A reverse mortgage is a federally regulated variable-rate loan for homeowners age 62 and older. The amount of money a homeowner qualifies for is based on three factors: the age of the youngest borrower, current interest rates, and the home value. Title always remains with the homeowner and the property can be passed on to their heirs. There are no income or credit qualifications and no out-of-pocket origination expenses for the borrower. Interest rates can be variable or fixed and tend to be quite reasonable (currently in the high 3% range for the HECM 150, a variable-rate product and the most commonly selected reverse mortgage option).
The Home Equity Conversion Mortgage (HECM) is the oldest and most popular reverse mortgage product, accounting for about 95% of the total number written annually. Available since 1989, HECMs are insured by the federal government through the Federal Housing Administration (FHA), a part of the U.S. Department of Housing and Urban Development (HUD).
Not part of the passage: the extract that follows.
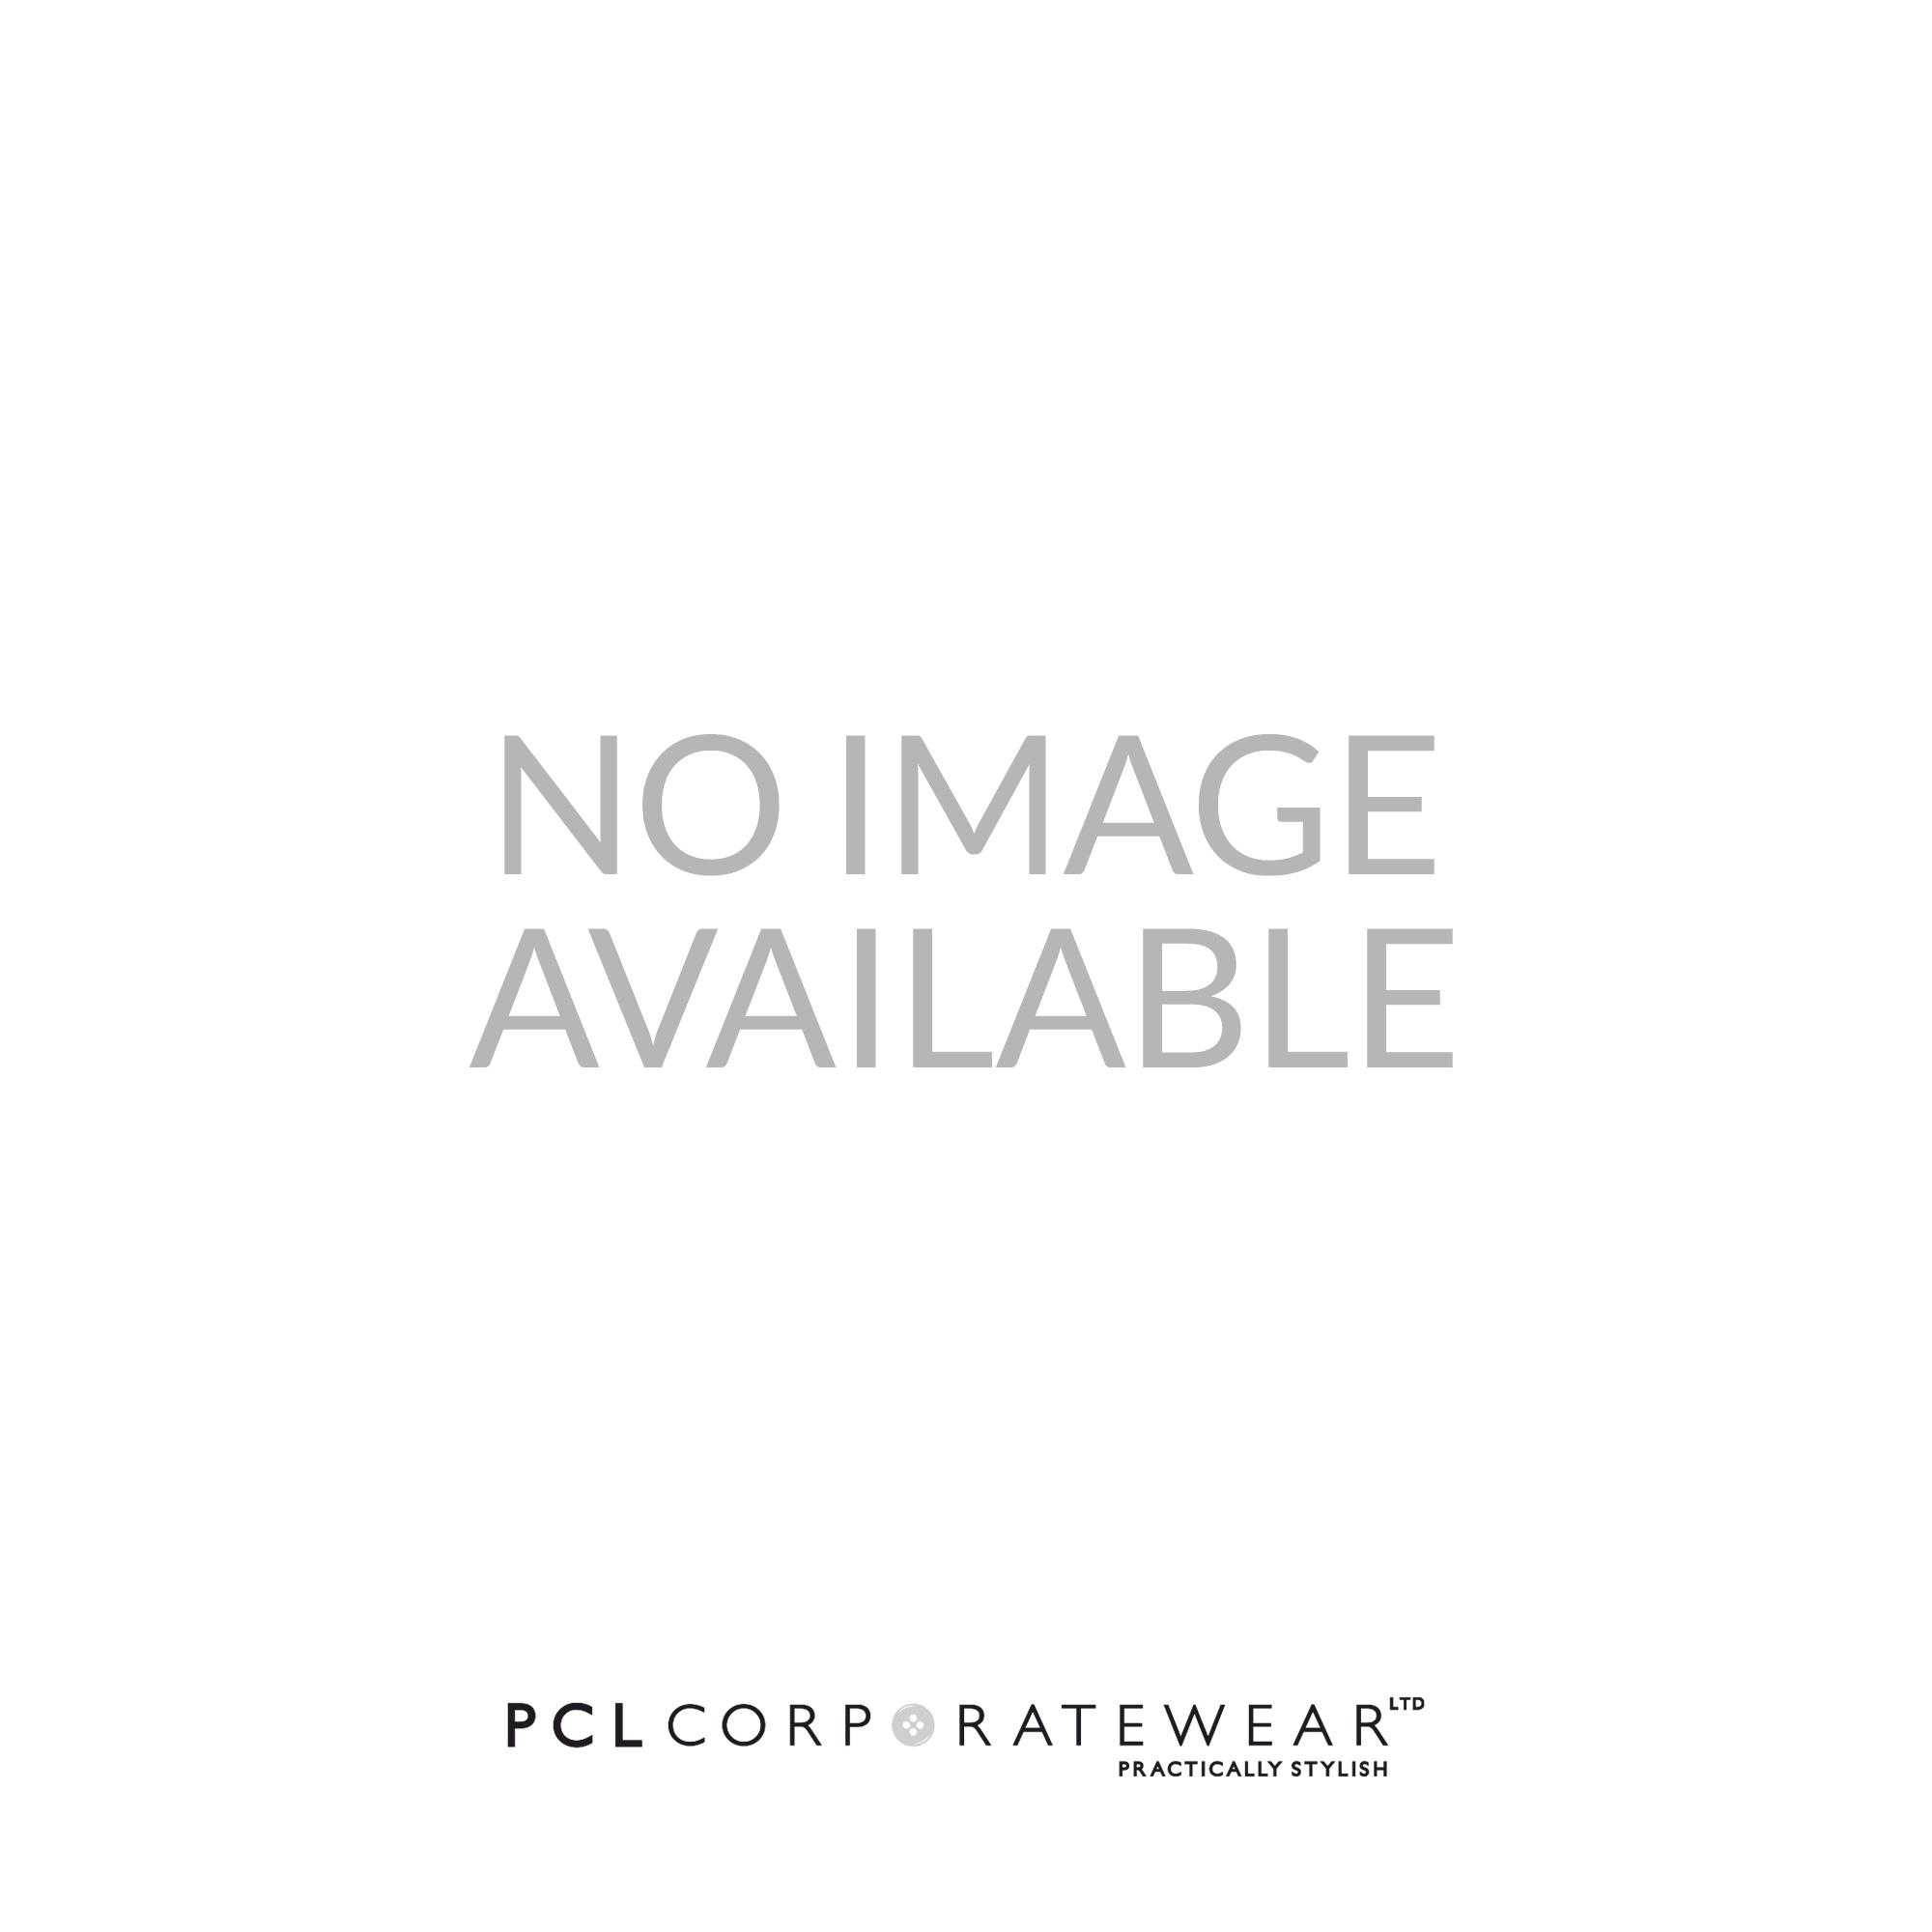 Beechfield 5 Panel Snapback Rapper Cap - BB610 - PCL Corporatewear Ltd 4f2ab1c5c36

Distribution of the available proceeds can be structured to provide the following:
• Income through a monthly payment option.
• Cash flow relief from the elimination of a mortgage payment or other debt.
• Liquidity through a line of credit (except in Texas), which can be tapped for unexpected expenses.
Where Do You Go For Help?
While this practice provides tremendous opportunities to add value for your clients, it also requires constant attentiveness to due diligence and your fiduciary responsibility. As in the insurance industry, reverse mortgages are highly regulated and operate under their own guidelines. The Real Estate Settlement Procedures Act (RESPA) establishes the regulatory environment for all mortgage origination activity. Since RESPA violations can be a serious matter, you must have basic knowledge of the ground rules before attempting to incorporate reverse mortgage planning into your practice.
Some insurance advisors have accepted offers to become an employee of a lender so that they can be compensated for providing reverse mortgages directly to their clients. While this idea may seem logical, it is often impractical. Considering the current legislative climate, probably inadvisable. Regulators are looking closer at cross-selling activities by those involved in both the origination of a reverse mortgage and the sale of other insurance or financial products that may be funded from the proceeds of the reverse mortgage.
When working in the reverse mortgage arena, the primary issue to consider is compliance, compliance, compliance. This is the most important issue with mortgage origination, especially with FHA-backed reverse mortgages. The Real Estate Settlement Procedures Act is very clear. It calls for $10,000 fines and possible incarceration for every individual violation. Legally compensating originators that are outside of the industry is very complex and must be undertaken properly. HUD recently hired more than 2,000 compliance officers to look at originator compensation issues due to the rampant RESPA violations, in large part. It is imperative to get comprehensive training that focuses on these compliance issues. This training should cover how the reverse mortgage works and how to stay compliant.
Reverse Mortgage Links
You can increase your knowledge and understanding of reverse mortgages by visiting the websites listed below:
• NRMLA (www.nrmla.org) The National Reverse Mortgage Lenders Association (NRMLA) is the nation’s only organization devoted exclusively to the promotion of reverse mortgages; advocacy on reverse mortgage lending issues with Congress and the federal government; education and training for reverse mortgage lenders; and development and maintenance of ethical standards for reverse mortgage lenders.
• AARP (www.aarp.org) AARP is a nonprofit, nonpartisan membership organization for people 50 and over. They provide information and resources; advocate on legislative, consumer, and legal issues; assist members to serve their communities; and offer a wide range of unique benefits, special products, and services.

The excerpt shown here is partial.